Get text from webpage

If there a way to just get the text from a web page? I can get the html from a web page but need just the text.

Some possible solutions I can think of:

  • Load jQuery into the website (preferably with a data URL, so it isn’t dependend on your internet speed), and when loaded, run $("body").text(); in the website. This returns the whole text.
    1. Download node.js on your computer
    2. install browserify and cheerio via npm
    3. run browserify -r cheerio
    4. copy the output file to your iCloud Drive into the Scriptable folder (or any subfolder)
    5. in your Scriptable script import the file from above like const cheerio = importModule("lib/cheerio")("cheerio"); (assumed, you’ve placed the file at lib/cheerio.js). Why the second call? Because the file from browserify returns a function to load different modules and we want to load cheerio
    6. Load the HTML from your page in question
    7. Load the HTML into cheerio with let $ = cheerio.load(html);, where html contains the HTML
    8. Get the text with $("body").text()

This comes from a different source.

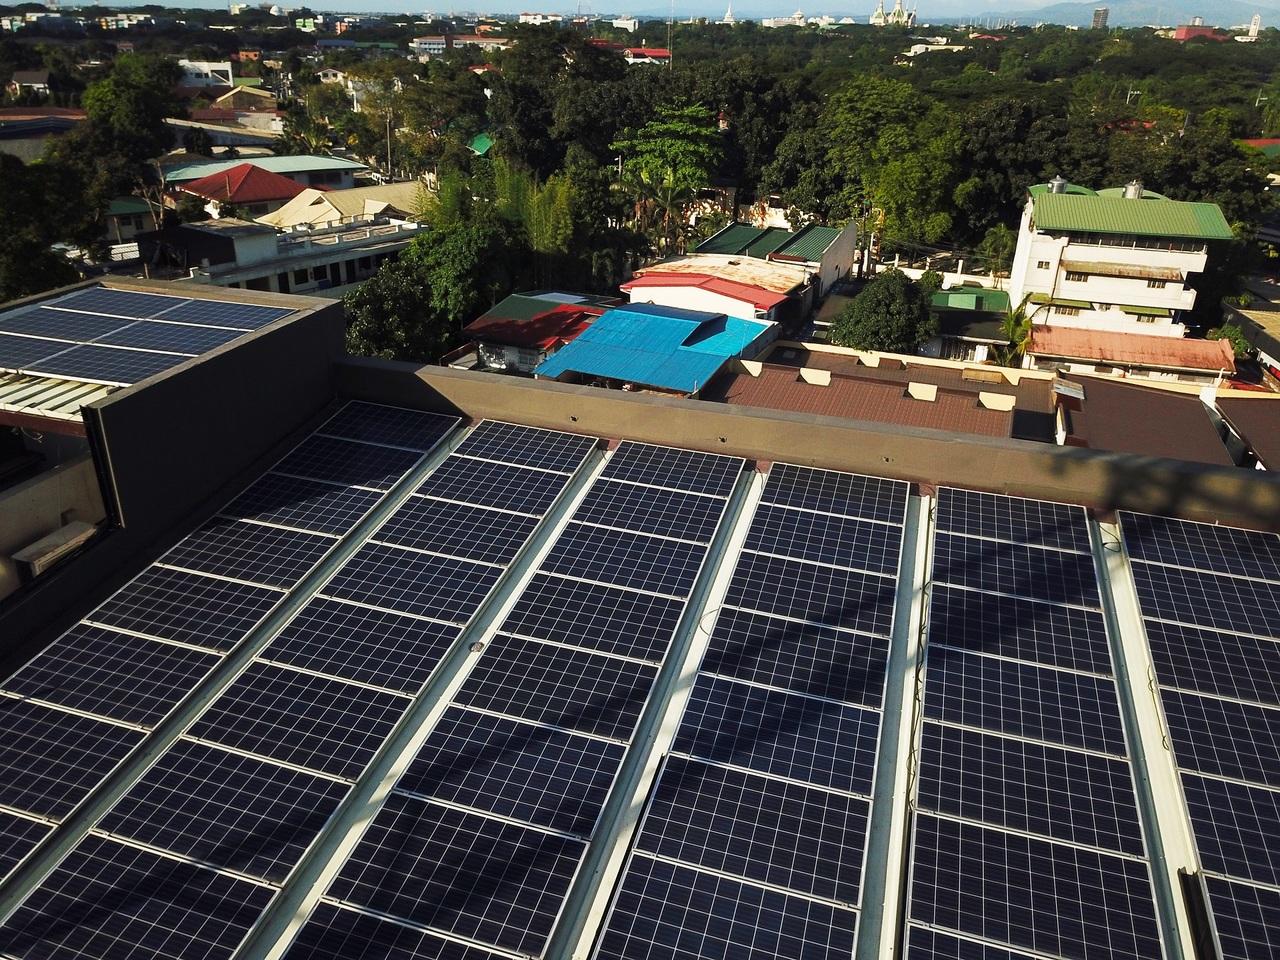 A solar panel blocked by shade

There might be some errors, I haven’t tested any of this

1 Like

This could be improved, but If you want to use shortcuts, this might get you started.

From safari, share webpage to shortcut.

Preview Text of Webpage

Yes that works…sometimes. It’s a website that has frames. So sometimes I get the body and sometimes I don’t. But then I just put in an if statement that says if body has no value run the shortcut again. Not pretty but hey it works. Thanks!